“Okay, but how are you feeling about work? You know what Dr. Nesbit said, about how important it is to be in touch with—”
“I’m feeling great,” Kate said. Only after she said it did she realize it was true. She had been so weary when she had arrived in Callinas, so drained. Limp, like overkneaded dough. Now there was a little crackle of energy inside her. A flicker of yeast, starting to rise.
“I think you were right,” she continued. “All I needed was some sun.”
“I didn’t say that was all you needed,” her mother said. Her voice had taken on that frayed tone she got sometimes, and Kate could picture her fidgeting with the sleeve of her cardigan, the way she did when she felt like a conversation was swooping out of control.
“No, I know.” Kate tried to sound soothing. “I’m trying to say I’m doing well.”
“Okay, but let me read you this article I saw in Psychology Today—wait, let me find it … here, I’m looking in the dining room, I think it was on the table…”
As Darcy continued narrating her movements, Kate’s phone pinged with a message. It was from Nikhil.
Hey Kate, breaking the BARTENDER’S CODE OF SILENCE to tell u Kid just walked into PPs. If u still want to talk to him.
God bless Nikhil. Kate had still been checking at Esme’s store from time to time, hoping to find Kid again, with no luck. The surly old man seemed to have vanished into thin air.
“It’s not on the console,” her mother was saying.
“Mom, I have to go,” Kate said, reaching out to hang up the call.
She checked the time. She didn’t get off work for three and a half hours, which was a lot of hourly pay. But she had been trying to find Kid for days, and if she waited until she normally left work, he would be long gone. She flipped her phone over and over in her hand, thinking hard. Then she sighed and got to her feet. She went down the hall, through the living room, to the base of the stairs.
“Theo?” she called out.
The squeak of his desk chair being rolled back. “Yeah?”
“I’m not feeling so well. I think I’m going to go home early.”

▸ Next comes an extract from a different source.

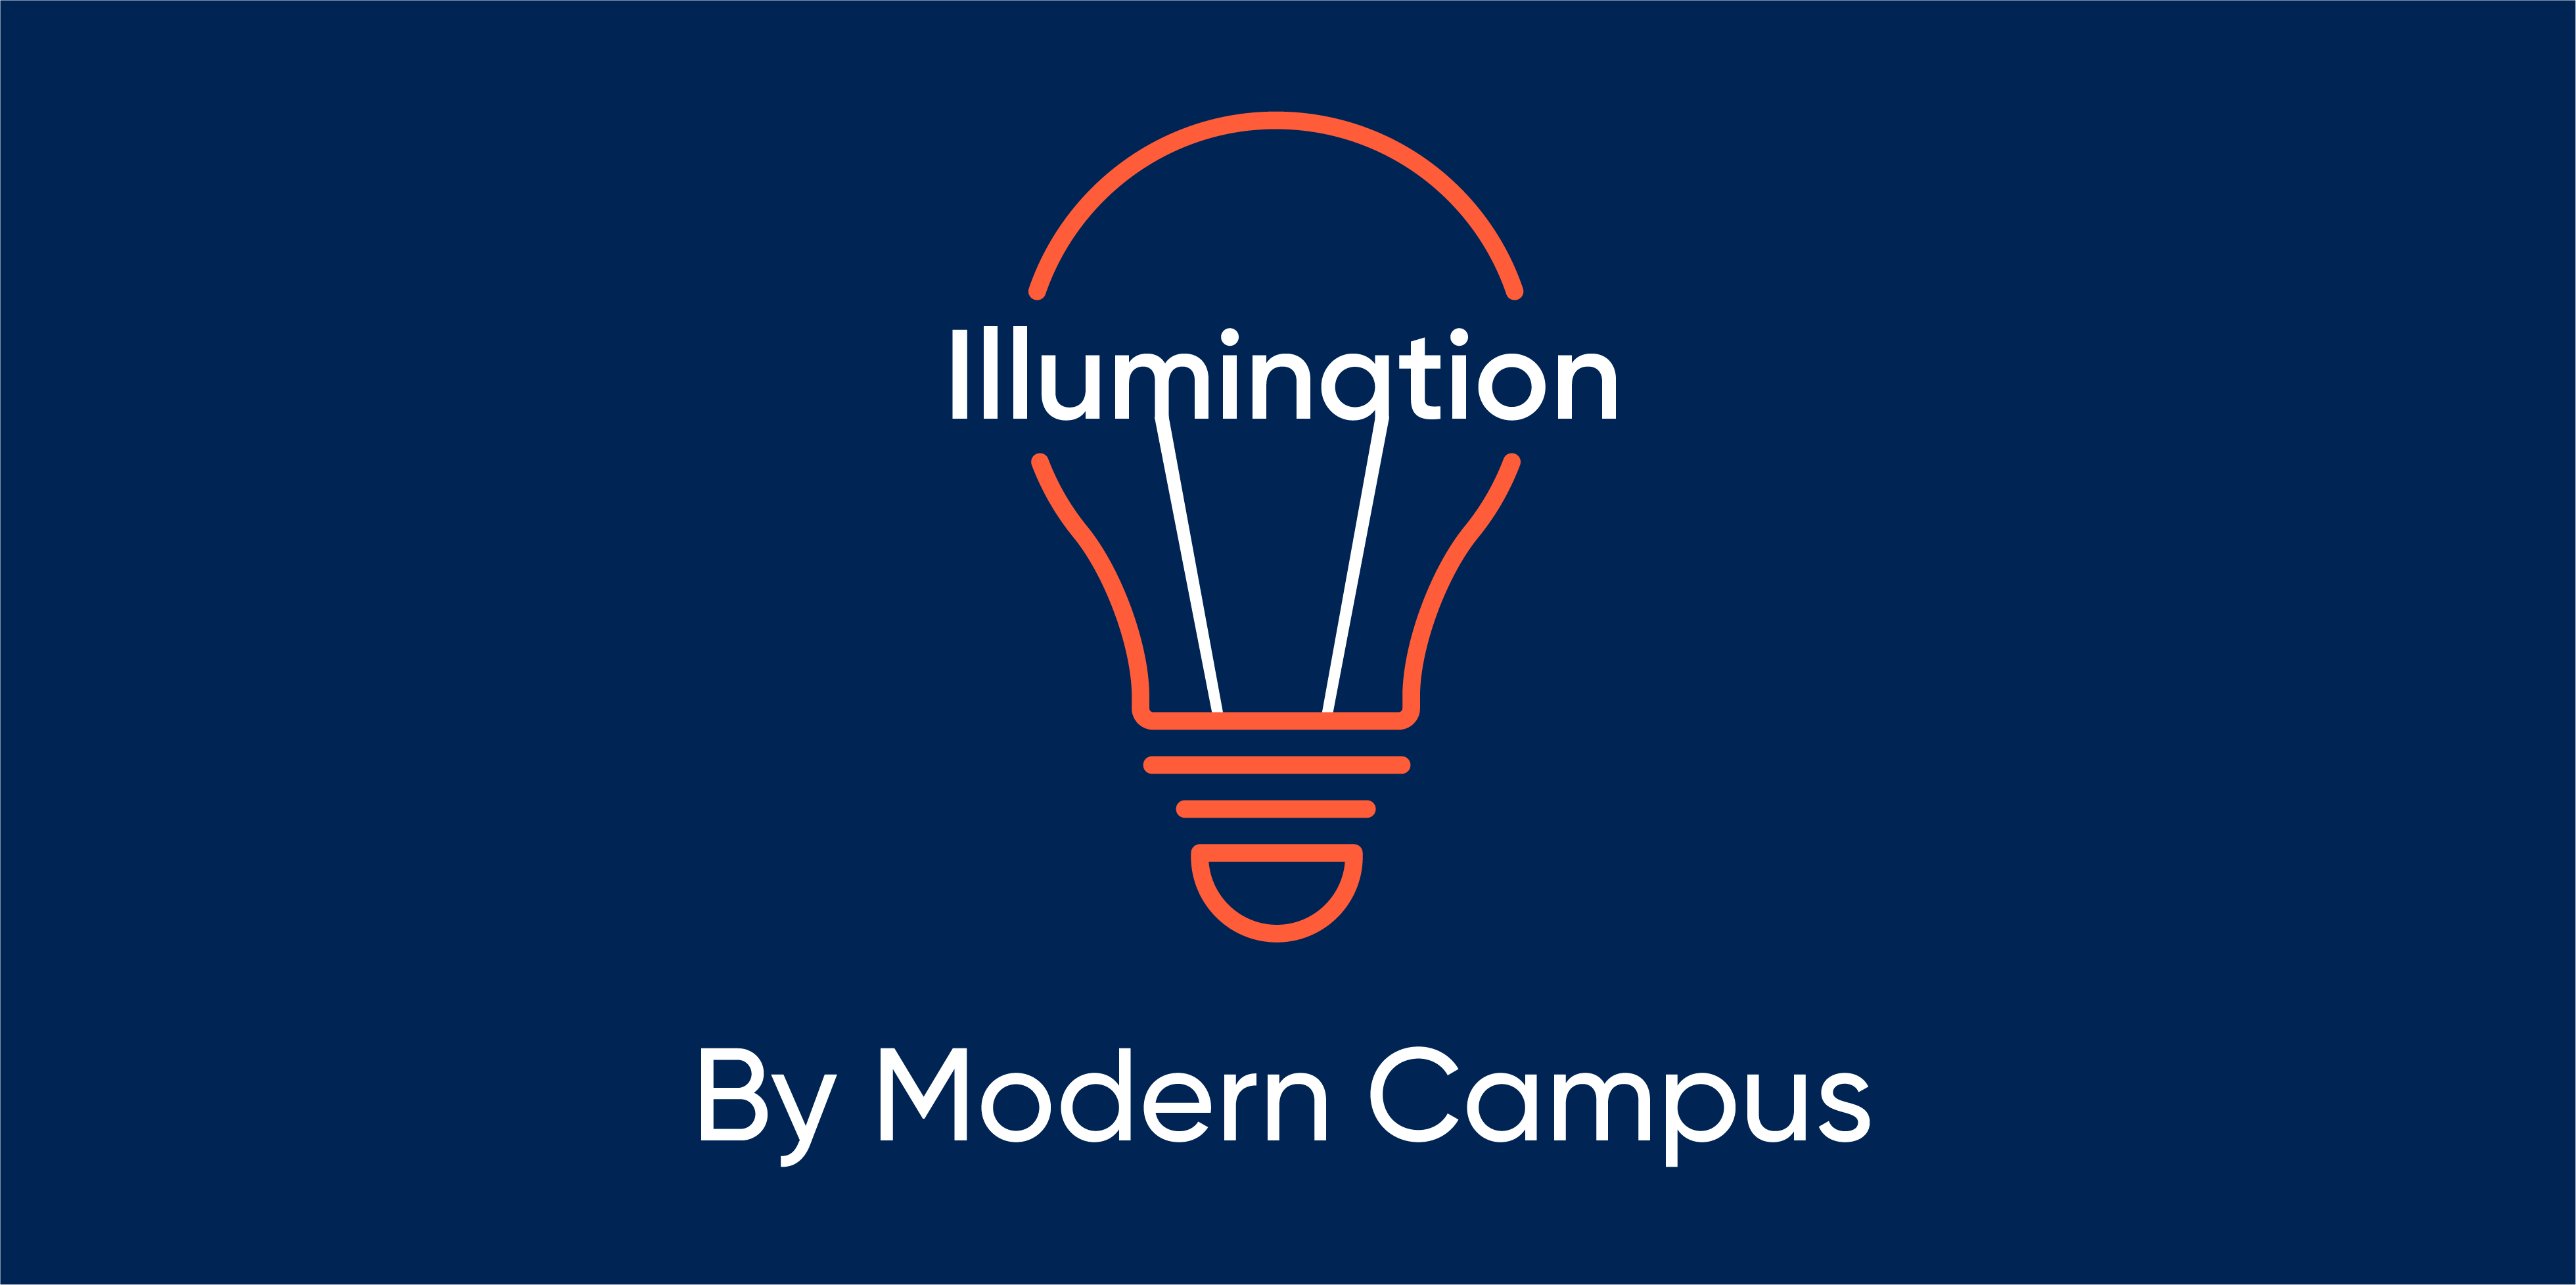 Episode 11: Illumination by Modern Campus
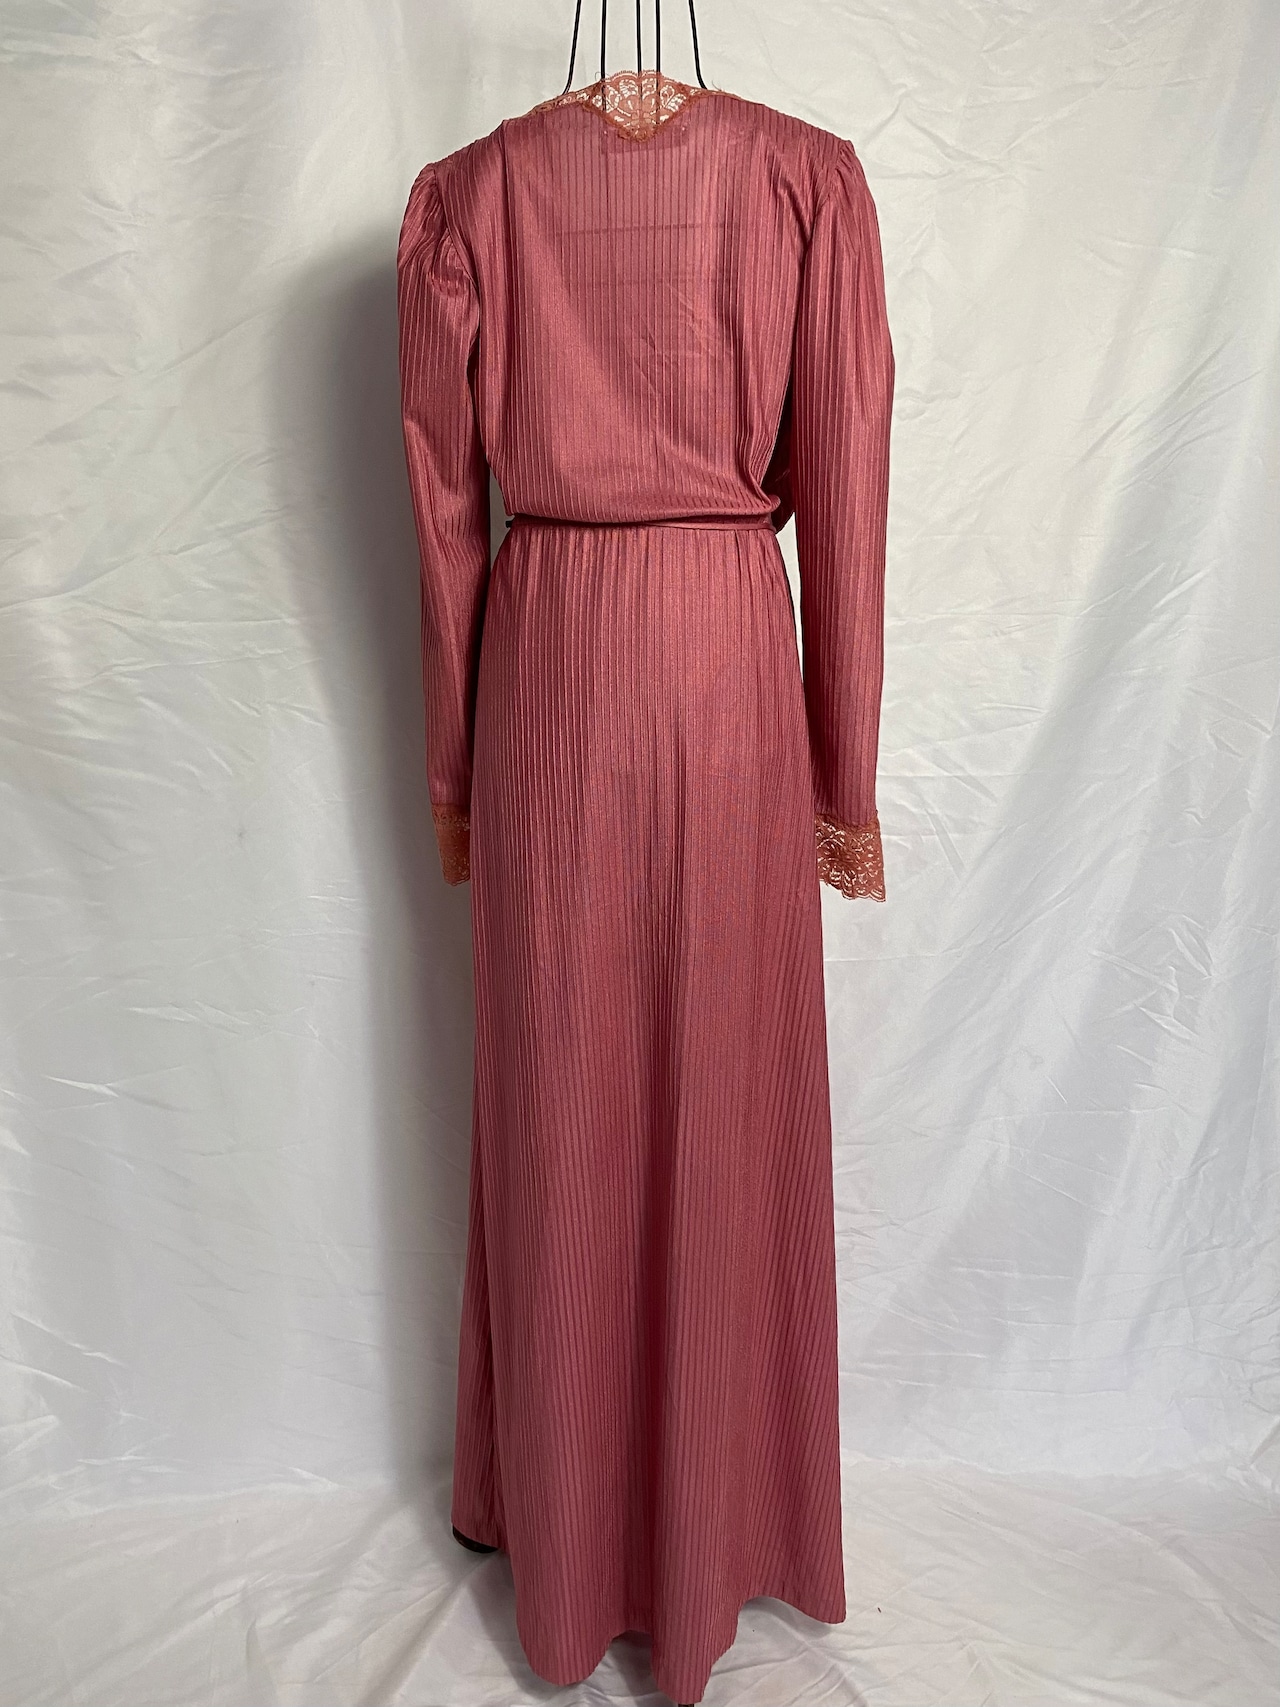 70’s Lingerie dress Made in U.S.A

There was a pause, then footsteps. Kate tried to look sick just as Theo appeared at the bend in the stairs.
“Are you okay?” He looked concerned. “Do you want me to drive you home? You shouldn’t hike alone if you’re not feeling well.”
“I might throw up,” she said. “I’d be embarrassed.”
“If that’s all…” Theo started down the stairs. “I have two kids. One of them likes getting the other to eat crayons. I’ve seen a lot of vomit.”
“Theo!” Kate held up her hand. Now she felt like she might actually be sick. “Thank you. But I really just want to walk home on my own.”
Theo stopped and rested his hand on the rail. His brows knit together. “Okay. But can you at least text me when you get to your aunt and uncle’s?”
“As soon as I get there,” she promised.
* * *
When Kate walked into Pawpaw’s, the place looked empty, except for the same rotating group of barely legal surf bros who were always parked in the biggest booth, and of course Nikhil, who had contorted himself halfway across the counter to watch the soccer match playing on the bar’s only TV. Kate thought Kid might have already left. Only when Nikhil—not taking his eyes off the screen—pointed to the corner did she see the skinny, cargo-pants leg sticking out from behind the nonfunctional jukebox. She gave Nikhil a mock salute and wove through the tables.
Kid was alone, doing a newspaper crossword and nursing a dark beer. He had brought in some Chinese takeout, and the gluey brown sauce dripped from the takeout container onto the plastic bag. His scarecrow body barely fit into the tiny nook he had chosen. It should have looked ridiculous. Yet there was something defiant about the way he sat there, his knees scrunched almost to his chest, his pen scratching across the pale gray paper.
“I used to know someone who wrote those,” Kate said brightly.
Kid looked up and frowned. He didn’t look especially surprised to see her.
“Big whoop,” he said, returning to the crossword.
She tried to look kind and nonthreatening. “Do you have a moment to talk? I’ve been trying to find you.”
“I know.” He started filling in a blank square. “Esme told me.”